If that is the only time you have seen any symptoms, I would not worry much. Keep an eye on him though. If it continues, his breathing sounds raspy, or more discharge, then you will need to see a vet for RI.
I don't keep DT''s, so this is what I would do for my leopards, Sulcata or Russians.


----------



## Pearly (Jul 30, 2016)

I've never had to deal with it but heard that in respiratory infection some torts blow bubbles out of their nose. The only think I'd know to do is to bump up the temperature in the enclosure to 85F (that's about 29 degrees Celsjus) I'd also be sure humidity is at least 80%. People and animals have easier time getting over respiratory infections when the air they breathe is humid. And of course golden standard of warm soaks. If it was my tort I'd be on the phone booking appointment with my reptile vet but I know you are unlikely to have that option so just soaking, keep warm/humid, make sure she gets good diet and eats it daily. Also keep this sick tort separated from the others if you don't want more sick torts. That's all I can think of for now. Good luck


----------



## ascott (Jul 30, 2016)

Mina Adel said:


> a small male desert tort has bubbles on his nose.
> it happened after I soaked him for an hour or may be more.
> I was afraid of bladder stones. because males are more affected than females and are easily die ... as their urinary system is longer and narrower . so I soak them daily.
> any advice will be appreciated..



If yiu notice bubbles after soaking I would not worry at all...oh and both males and females equally can be plagued with stones...so be certain to keep tort hydrated


----------



## Mina Adel (Jul 31, 2016)

ascott said:


> If yiu notice bubbles after soaking I would not worry at all...oh and both males and females equally can be plagued with stones...so be certain to keep tort hydrated


I thought males can't excrete small stones as females do ...


----------



## JoesMum (Jul 31, 2016)

Mina Adel said:


> I thought males can't excrete small stones as females do ...

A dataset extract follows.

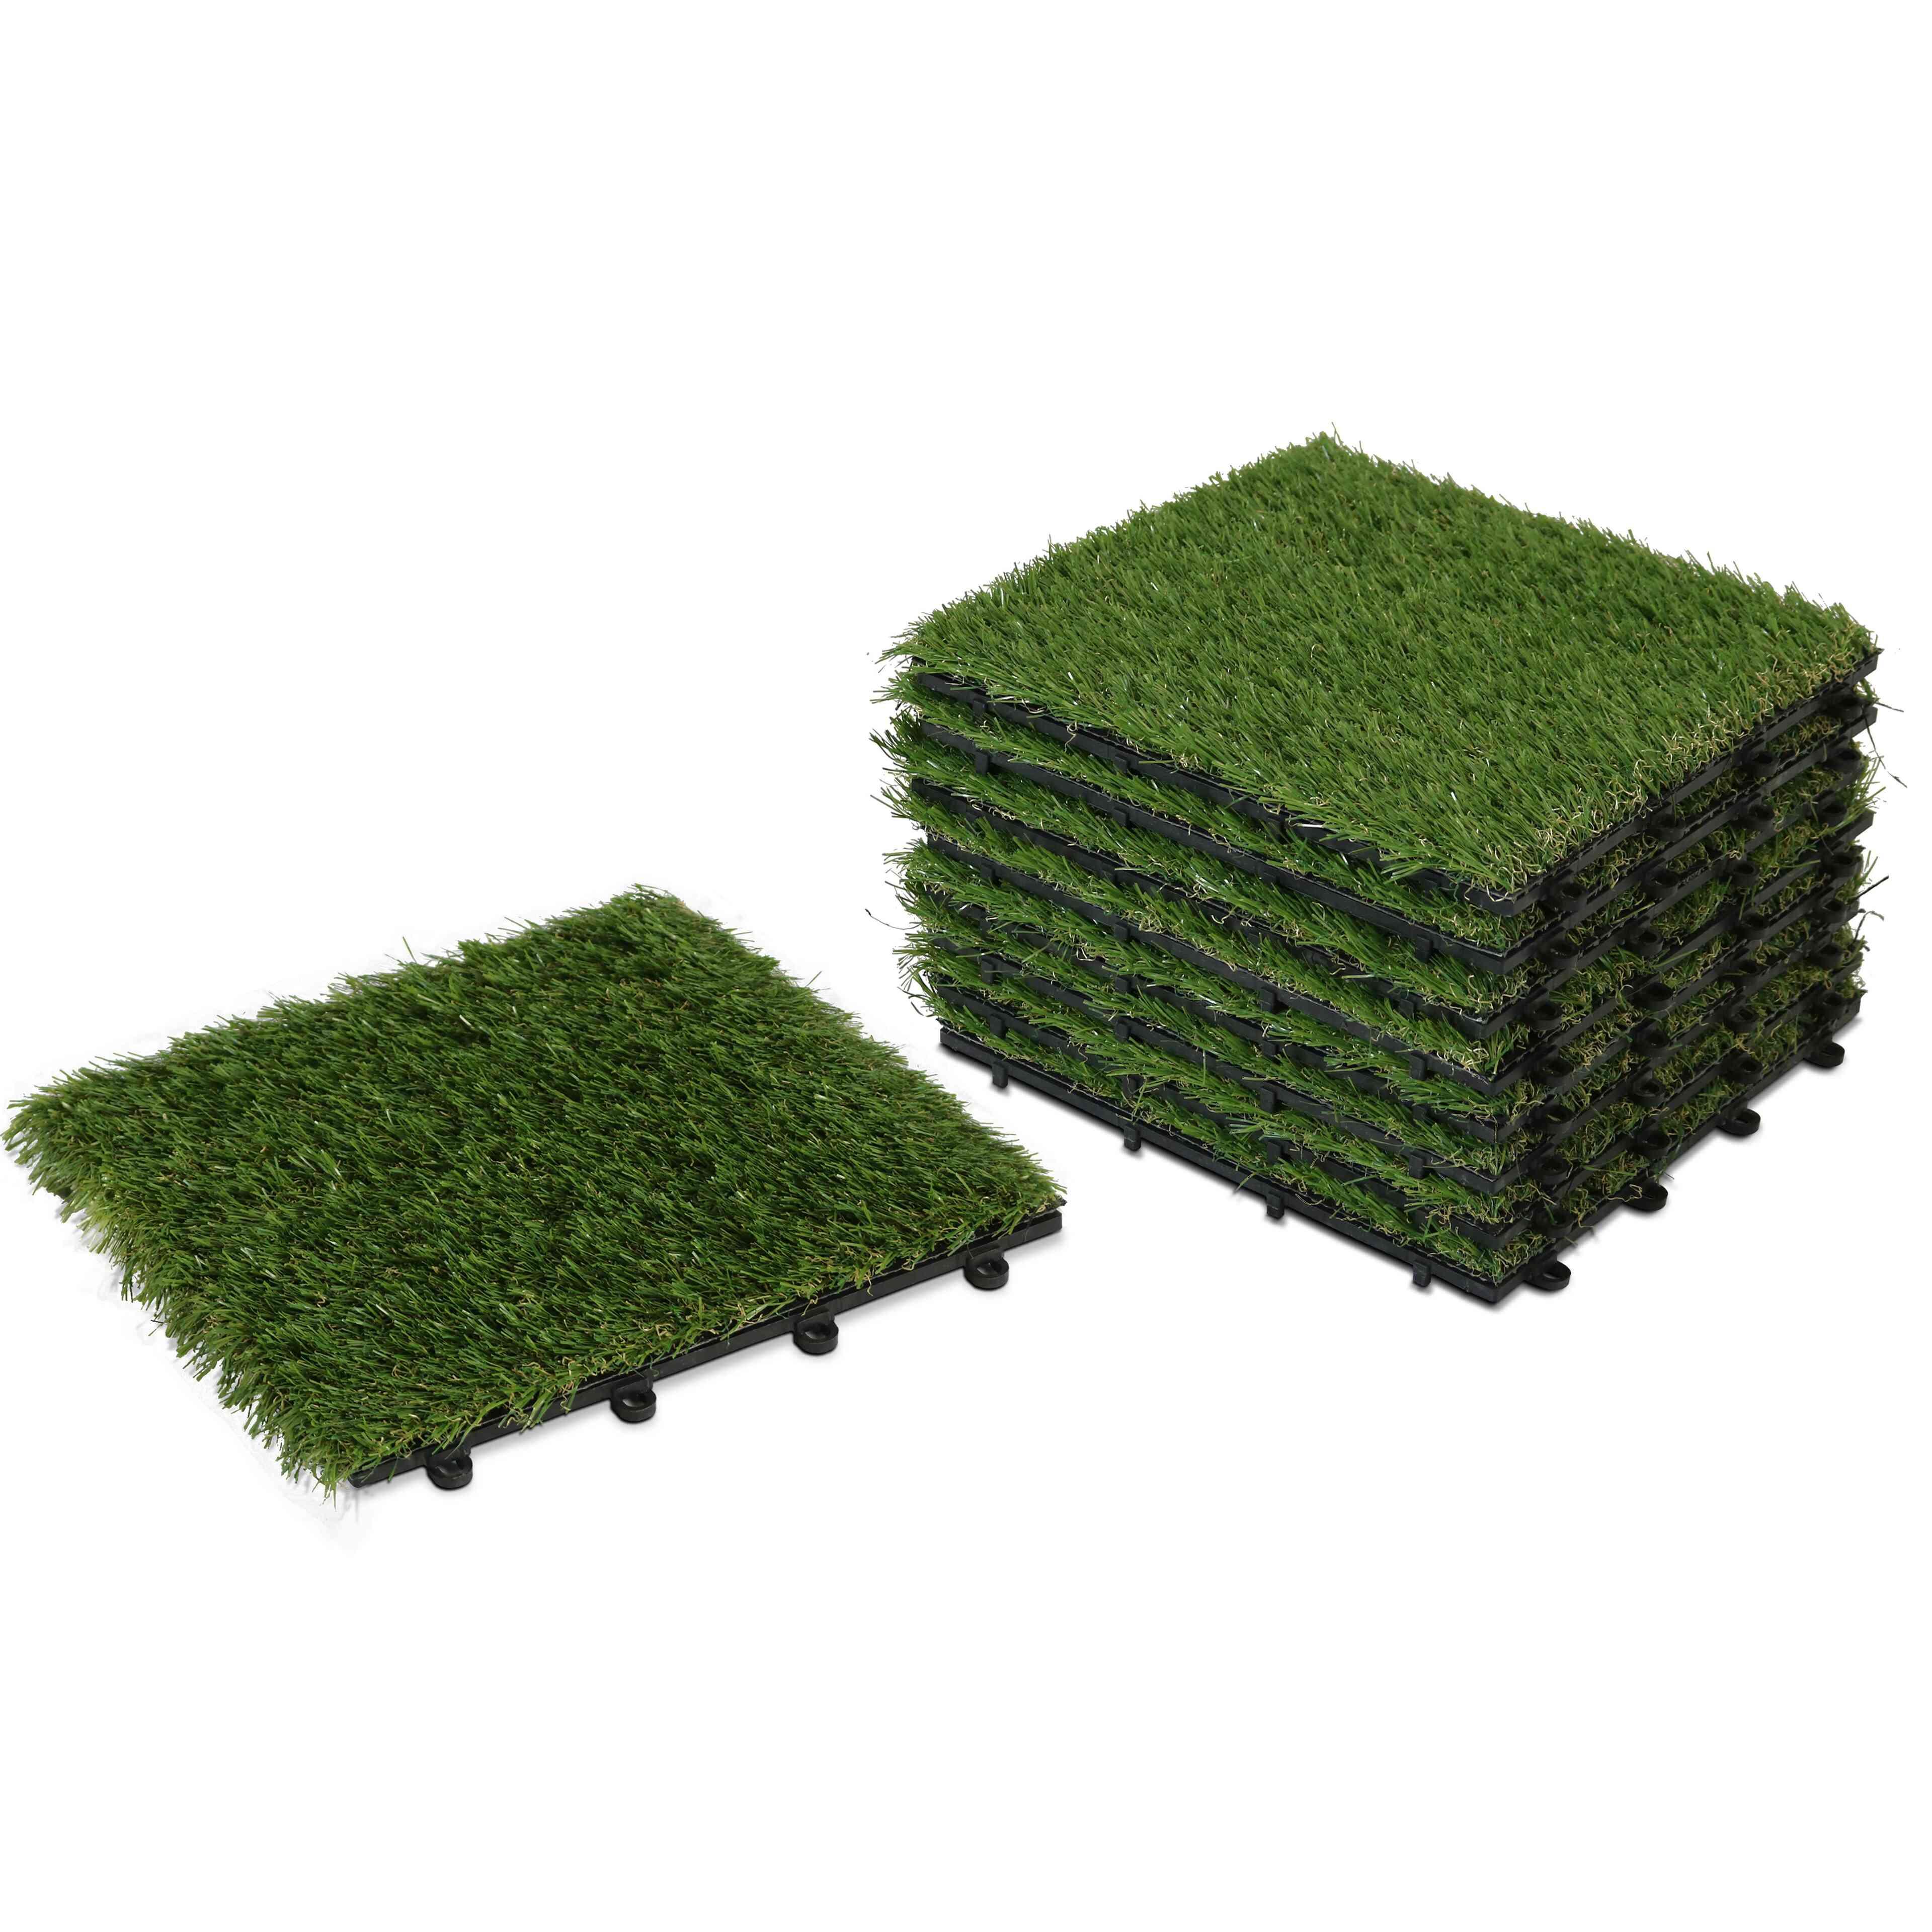 Gazon Synthetique Sur Terrasse Bois dalle clipsable gazon synthétique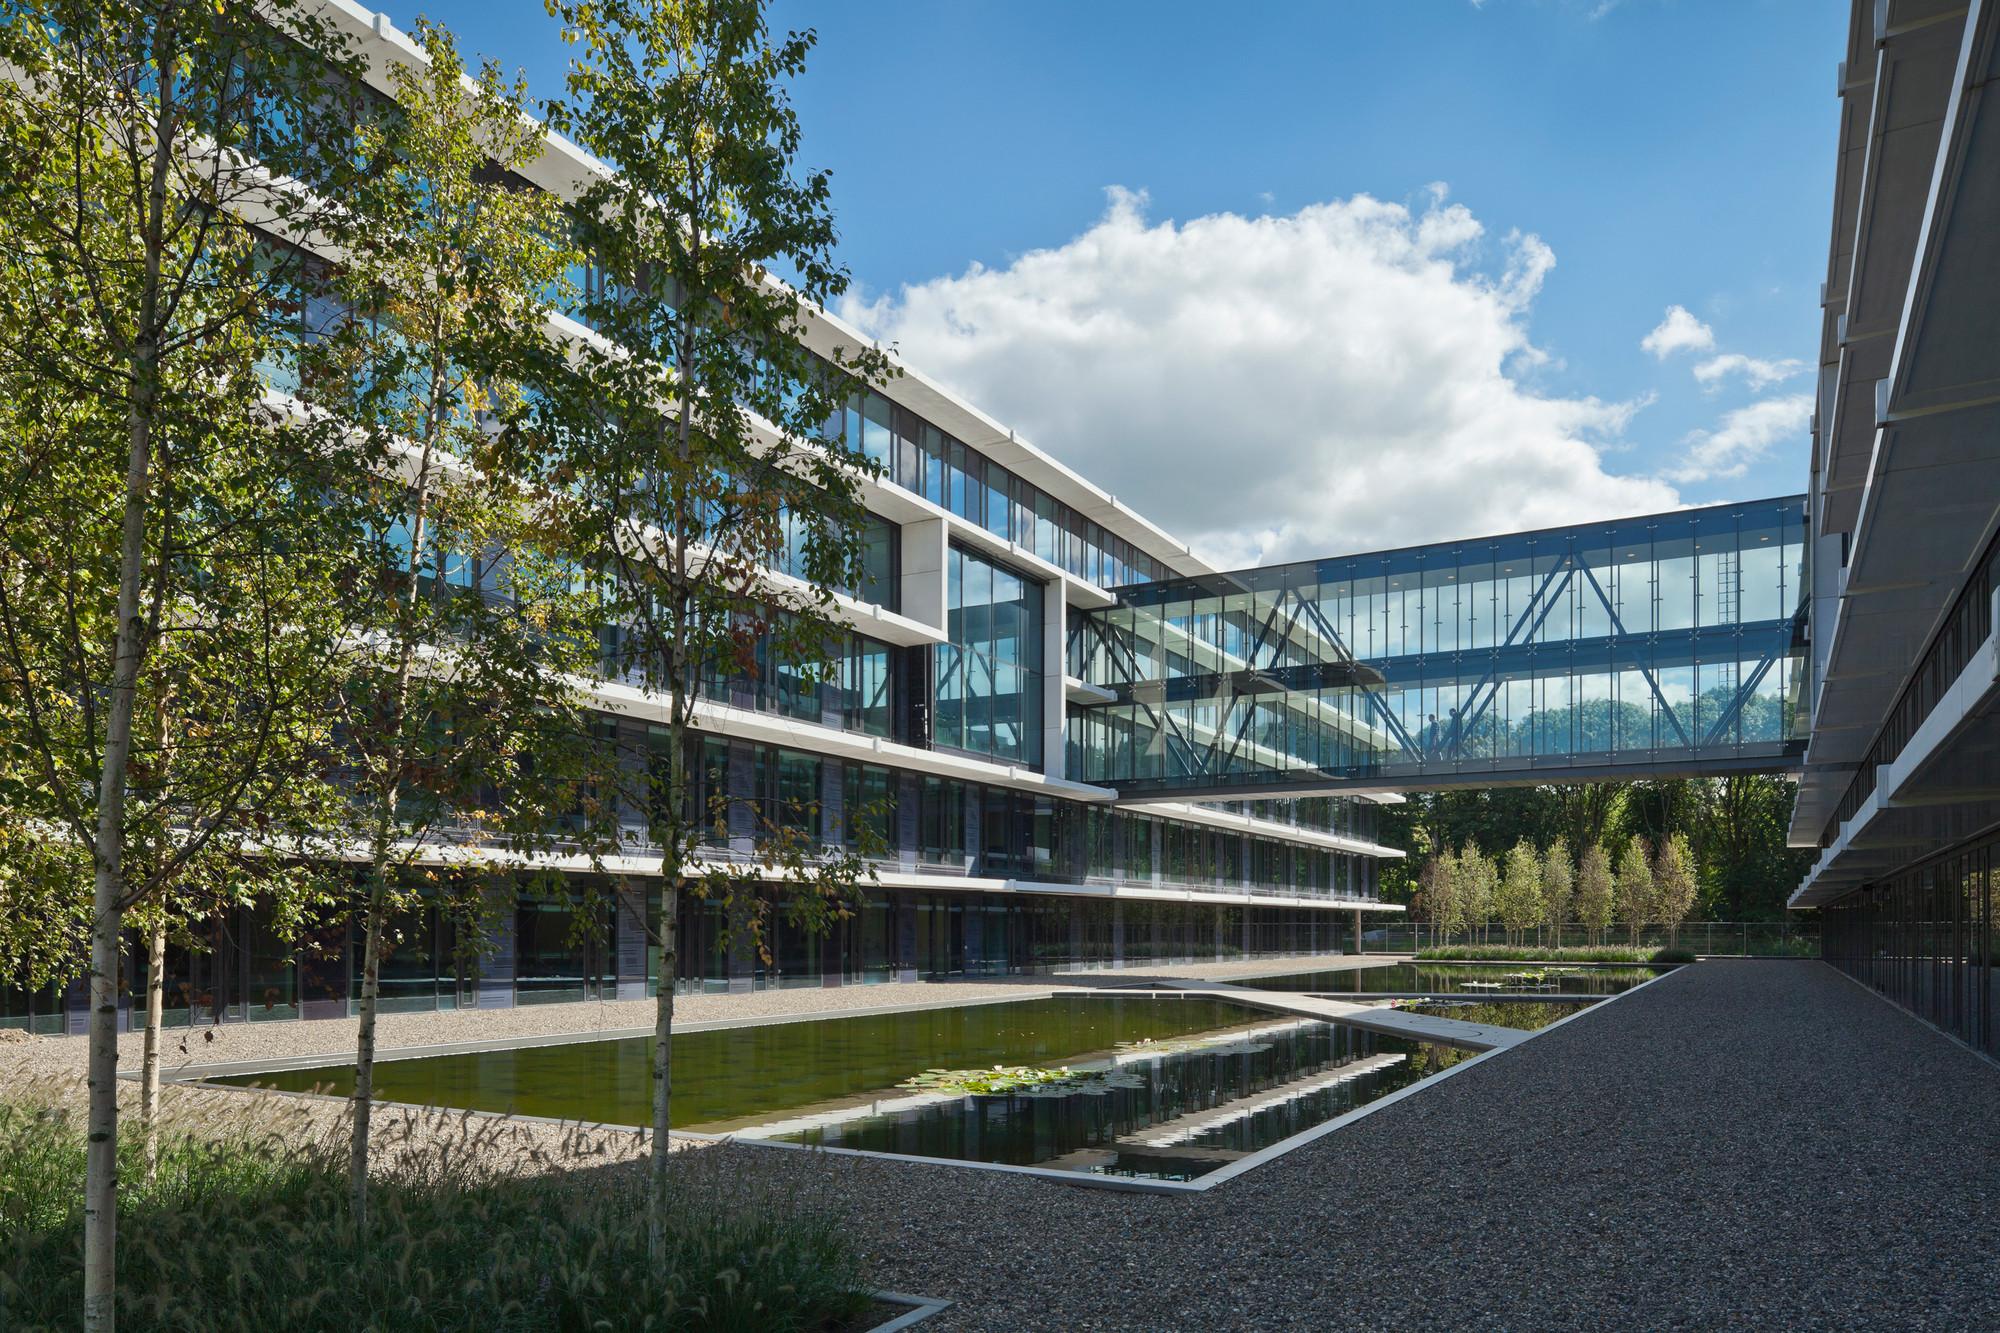 Kromhout Barracks / Karres en Brands + Meyer en Van Schooten Architecten, © Jannes Linders

Neither gender can easily excrete stones, especially the larger ones. Both genders are equally susceptible to them. It's best to avoid them in the first place by soaking.


----------



## jockma (Jul 31, 2016)

Since this happened after a soak I think it's possible he was dehydrated and rehydrated too quickly, and vomited a small amount of fluid back up. I've seen that happen with other reptiles (and dogs, and cats, and humans...) but I assume it also happens to torts. If the bubbles aren't going away I'd second Pearly's concerns about an RI but bubbly noses can also mean stress, parasites, irritants in the enclosure etc


----------



## ascott (Jul 31, 2016)

Mina Adel said:


> I thought males can't exifrete small stones as females do ...


Nope...you were not told correct. Stones can and are a hazard to both male and female. A well hydrated tortoise has a much better ability to clear their system than one that is not...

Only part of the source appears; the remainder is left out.